Questar requests $14 million rate cut
Questar Gas Co. wants to lower the amount its customers will pay for natural gas this winter.
The utility, which provides most Utahns with the natural gas to heat their homes during the coldest months of the year, is asking the state's top utility regulators for permission to lower the annual bills of its customers by a total of $14 million, or 1.4 percent.
If approved, average Questar Gas customers will see their monthly bills decline by about 83 cents, or approximately $10 a year.
"Abundant natural gas supplies continue to hold down the price of natural gas," Craig Wagstaff, executive vice president and chief operating officer of Questar Gas, said in a statement announcing the filing of the company's request to lower its rates.
Wagstaff added Questar is working hard to maintain a safe distribution system and encourage its customers to conserve energy through its ThermWise programs, all while keeping rates among the lowest in the country.
Questar typically asks the Utah Public Service Commission twice a year for permission to adjust the amount it charges its customers for natural gas. Such requests, known as pass-through-rate adjustments, routinely are granted because it is easy for Questar to demonstrate what it has paid for natural gas and what it has collected from its customers.
Natural gas distribution companies like Questar make their money by charging customers to deliver gas to their homes and businesses. They don't make a profit from the gas itself, but rather supply the fuel to their customers for the same price they pay for it.
What that means is that when natural gas costs are rising, Questar often will ask in a pass-through-rate adjustment to raise the amount it charges its customers for the fuel.
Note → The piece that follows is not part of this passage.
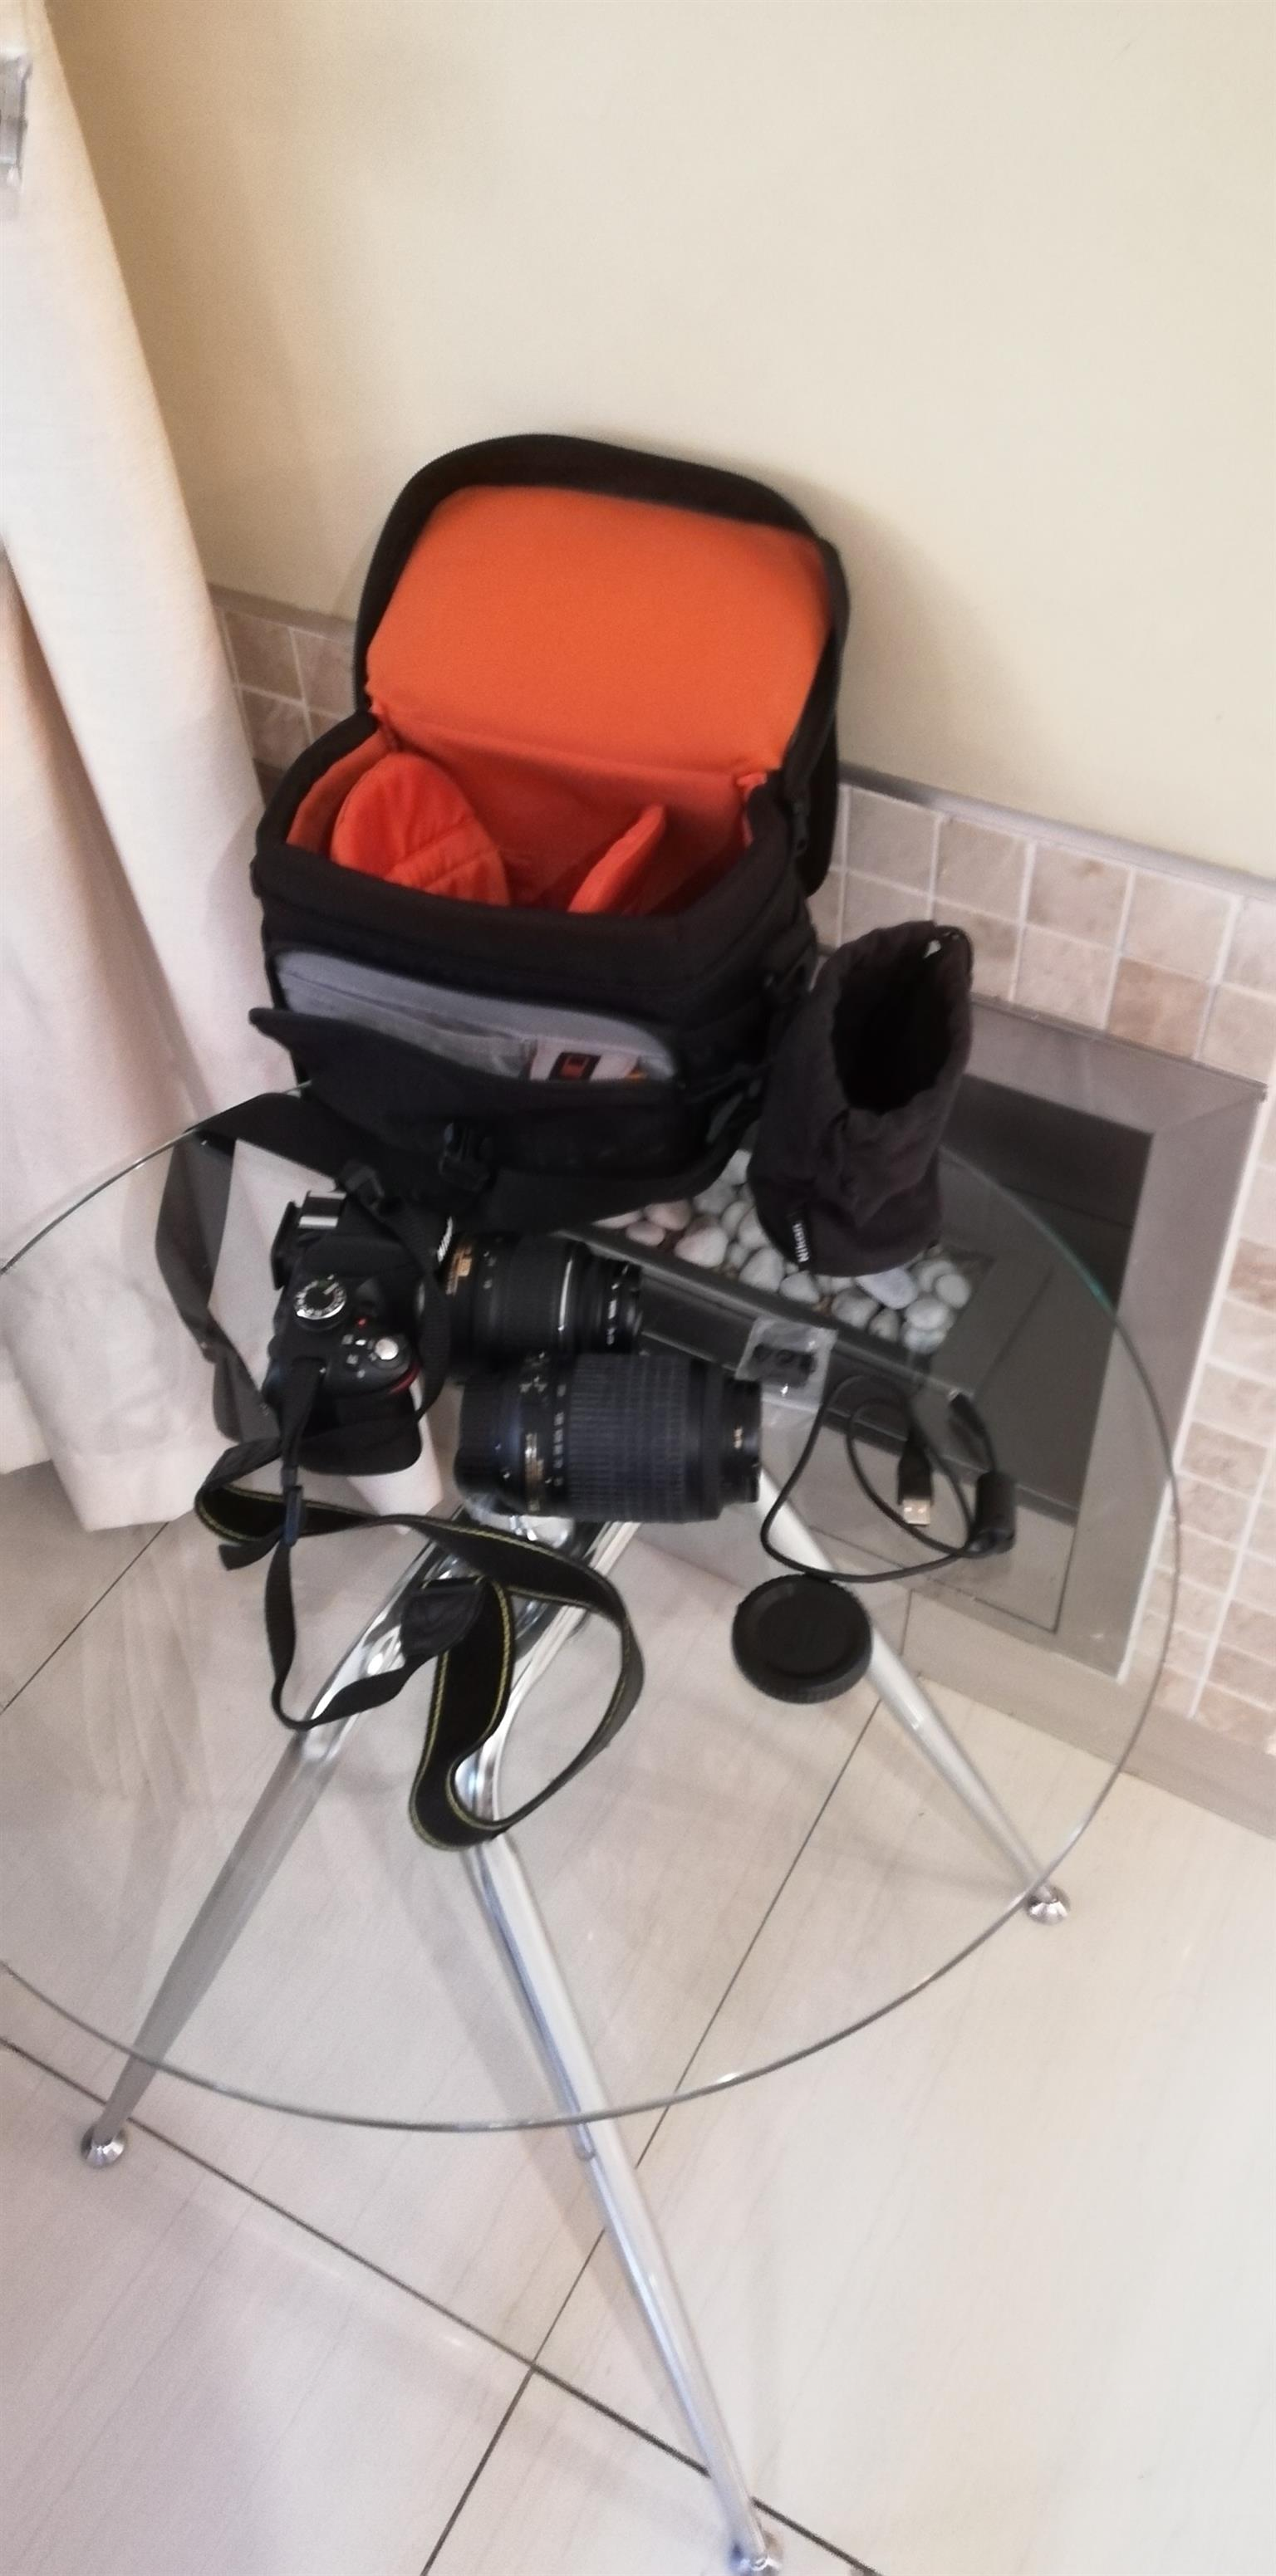 Nikon D3200 +extra lens and bag

Conversely, when natural gas costs are falling, it will ask to lower the amount it charges.
In mid-May, the cost of natural gas rebounded in price from a five-year low, a bounce that forced Questar to seek an increase in the amount it charged its customers by a total of $61 million. That increase was equal to about $50 a year for the typical residential customer.
Even with the current rate increase request factored in, Questar Gas customers still will be paying almost 9 percent less for their natural gas than they were in 2008, according to Darren Shepherd, a spokesman for the utility.
Wagstaff also noted that funds may be available to help income-eligible consumers who are elderly or disabled pay their natural gas bills.
Such customers who need help can dial 211 for information about utility-assistance programs such as the federally funded Home Energy Assistance Target program (HEAT) or the Residential Energy Assistance through Community Help program (REACH), which is funded by donations from Questar customers, employees and shareholders.